2.大権問題についての、たこ氏の事実誤認
たこ;「大権」は、天皇の憲法上の権能に関する当時の呼称です。国務大臣を含む官吏の任免など、すべてこの大権によりますから、極めて頻繁に発動されています。
Ddog:大日本帝国憲法10条「天皇ハ文武官ヲ任免ス」とあるが、明治22年の帝国憲法発布より、総理大臣の推薦によらないで勝手に平大臣を任意に罷免したり、任用したことは一度もない。田中内閣についての顛末は3で。憲法上大権の発動は可能であったが、立憲政治の原則として、望ましくないとしてまして、総理大臣にたいしても、発動されなかった。
宇垣内閣の組閣時、(陸軍が大臣を推薦せず、内閣が流れてしまった。)陸軍に対し大権を発動し組閣するよう可能であったが、天皇は発動しなかった。昭和14年、日独伊三国同盟の交渉の折、陸軍の意をうけ、独伊が第三国と交戦時日本が参戦することを表明し、本国の訓令なしに重要な決定をし、統帥権の逸脱と、板垣陸相を激しく叱責されたが、大権を行使されなかった。そのうえ、突如独ソ不可侵条約が結ばれ、一時同盟が棚上げとなり、天皇のお言葉は完全に無視されてしまった。

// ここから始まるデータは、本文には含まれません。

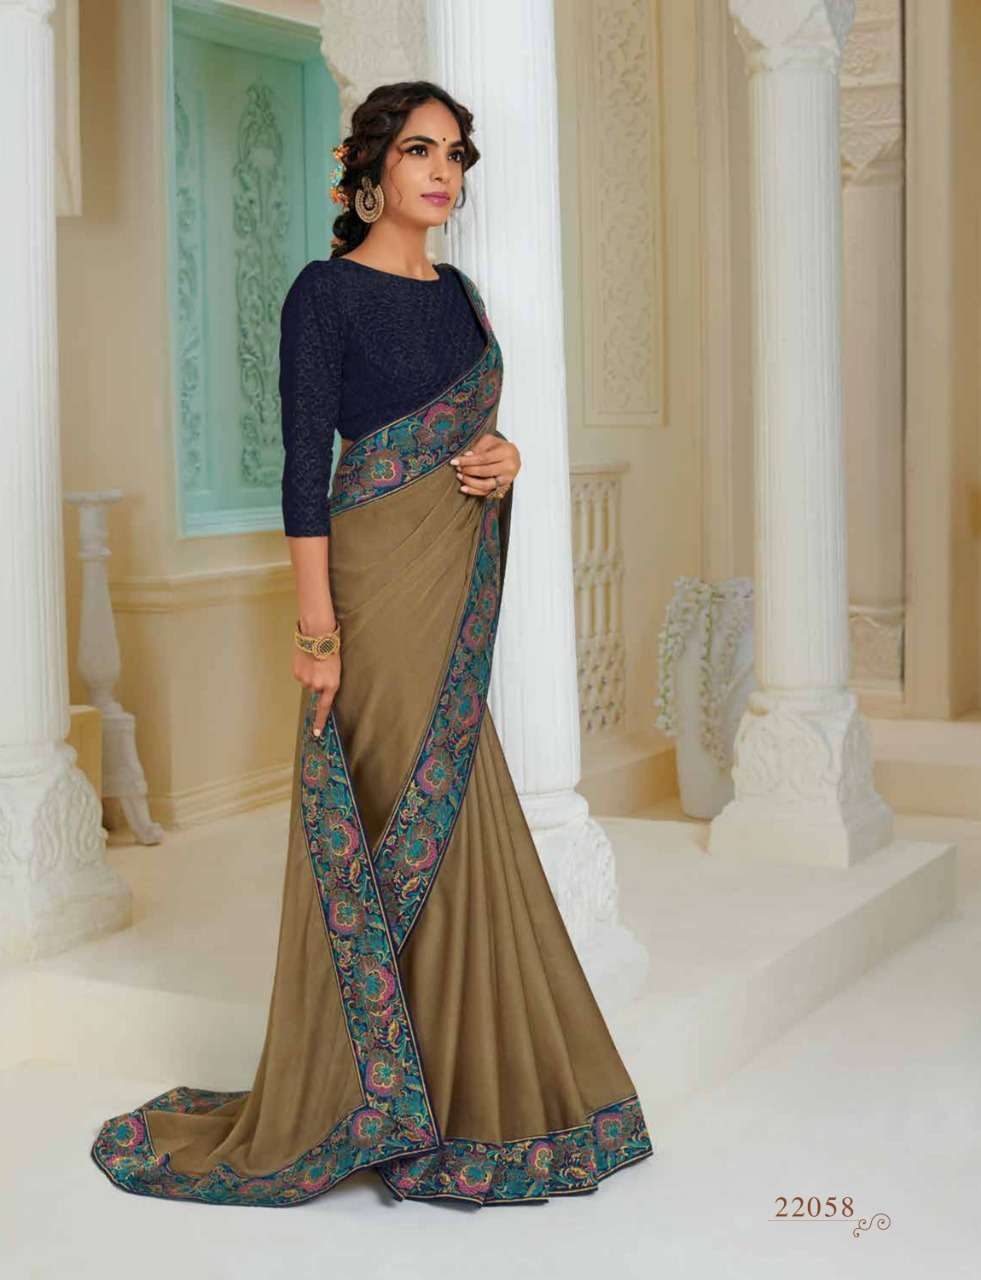 Subhash Manjri Fancy Designer Party Wear Sarees Collection 08

ここで、立憲君主は、ただ悪く表現するとメクラバンを押すだけの役割であったのであろうか。
立憲君主制は、「君臨すれども統治せず」ではあるが、具体的に理解するには、難しい。
天皇は実際には、天皇の意思の現われとして、「御内意」とか「ご希望」をしばしば述べている。木戸日記等の資料でもそのことは確認できる。
しかし、この「御内意」とか「ご希望」と、それぞれの機関が上奏し裁可された、正規の命令「勅令」とは区別されなくてはいけない。
「勅令」は絶対命令であるが、「ご内意」「ご希望」は御希望であって、ご希望が受け入れられる、、無視される場合も多かった。
議会が可決すれば、御前会議ですら、天皇に拒否権がないのである。
事例1ご希望がかなわなかった代表的例として、昭和十三年日華事変の拡大で、武官長に対し、「外国新聞の記者を官邸に呼び、杉山陸軍大臣自ら、帝国に領土的野心がないことをはっきり言ったらどうか」とのご希望を述べたが、完全に無視された。しかもこれは憲法上の命令違犯ではなかった。なんの制約もないご希望である。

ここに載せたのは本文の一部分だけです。